Article 7 The Internal Control Audit report set forth in Article 1, paragraph (2) shall be prepared together with the audit report set forth in Article 3, paragraph (1) of the Cabinet Office Ordinance on Audit Certification of Financial Statements, etc. (Ordinance of the Ministry of Finance No. 12 of 1957); provided, however, that this shall not apply to the case where there are unavoidable circumstances.
Article 8 When conducting the Internal Control Audit, the certified public accountant or the auditing firm shall write the names of the persons engaged in the Internal Control Audit and the number of days required for the audit together with the outline of other matters concerning the Internal Control Audit in the outline report set forth in Article 5, paragraph (2), item (i) of the Cabinet Office Ordinance on Audit Certification of Financial Statements, etc.
(Certification Found to Be Equivalent to Audit Certification)

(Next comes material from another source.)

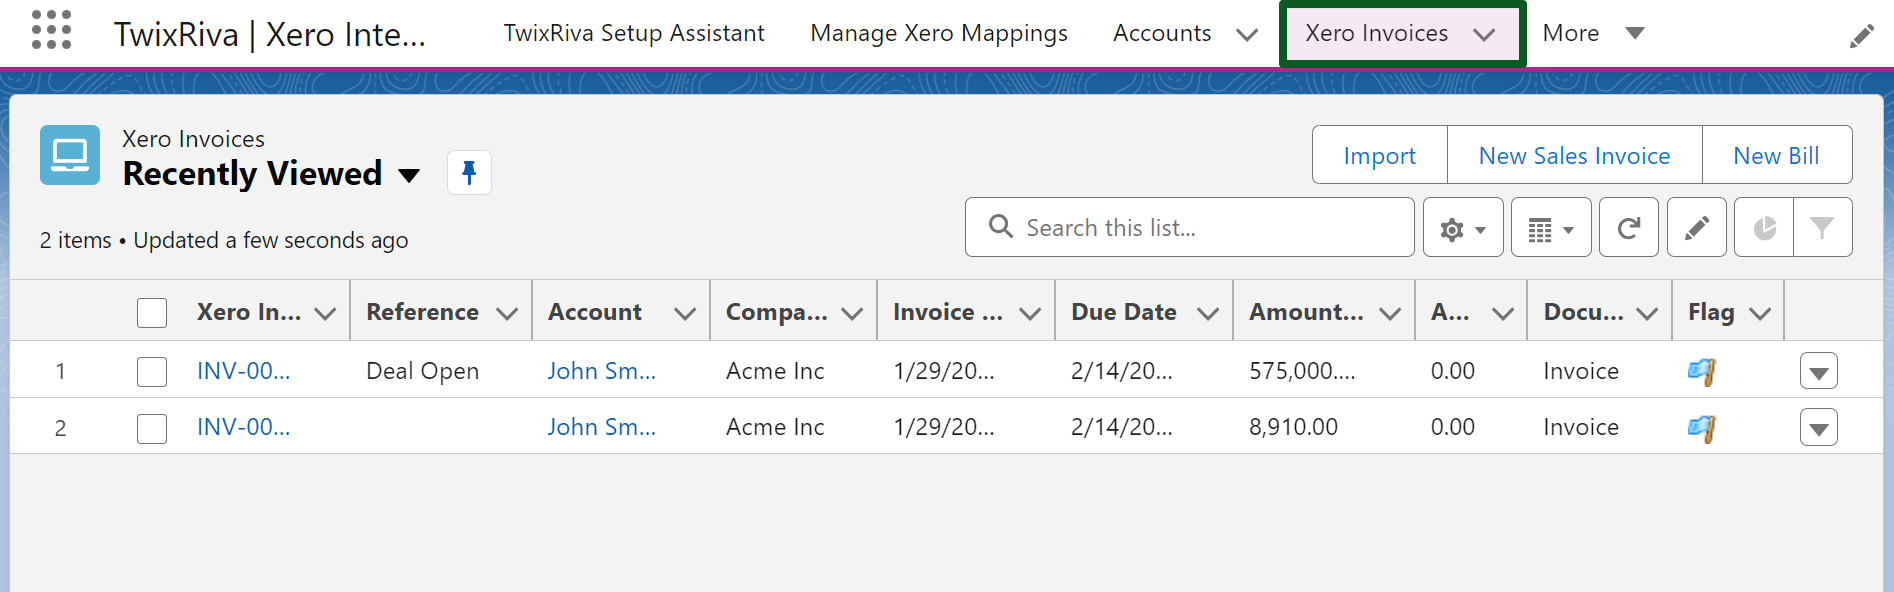 Xero Invoices Tab

Article 9 Receipt of certification that is found to be equivalent to audit certification pursuant to the provisions of a Cabinet Office Ordinance, as referred to in Article 193-2, paragraph (2), item (i) of the Act, shall be the receipt of certification as a result of receiving an offer of business in regard to a Foreign Company's Financial Documents (meaning a foreign company's financial documents as set forth in Article 34-35, paragraph (1) of the Certified Public Accountants Act) from a Foreign Auditing Firm, etc. (meaning a foreign auditing firm, etc. as set forth in Article 1-3, paragraph (7) of the Certified Public Accountants Act; the same shall apply in Article 13, item (iii)) that is found to be equivalent to business set forth in Article 2, paragraph (1) of the Certified Public Accountants Act.
(Approval of Exemption from the Requirement to Receive Audit Certification)
Article 10 When a Company Submitting an Internal Control Report intends to receive the approval set forth in Article 193-2, paragraph (2), item (iii) of the Act, it shall submit a written application for approval to the Director-General of a Local Finance Bureau, etc.
(Special Interest between the Certified Public Accountant or the Auditing Firm and the Audited Company)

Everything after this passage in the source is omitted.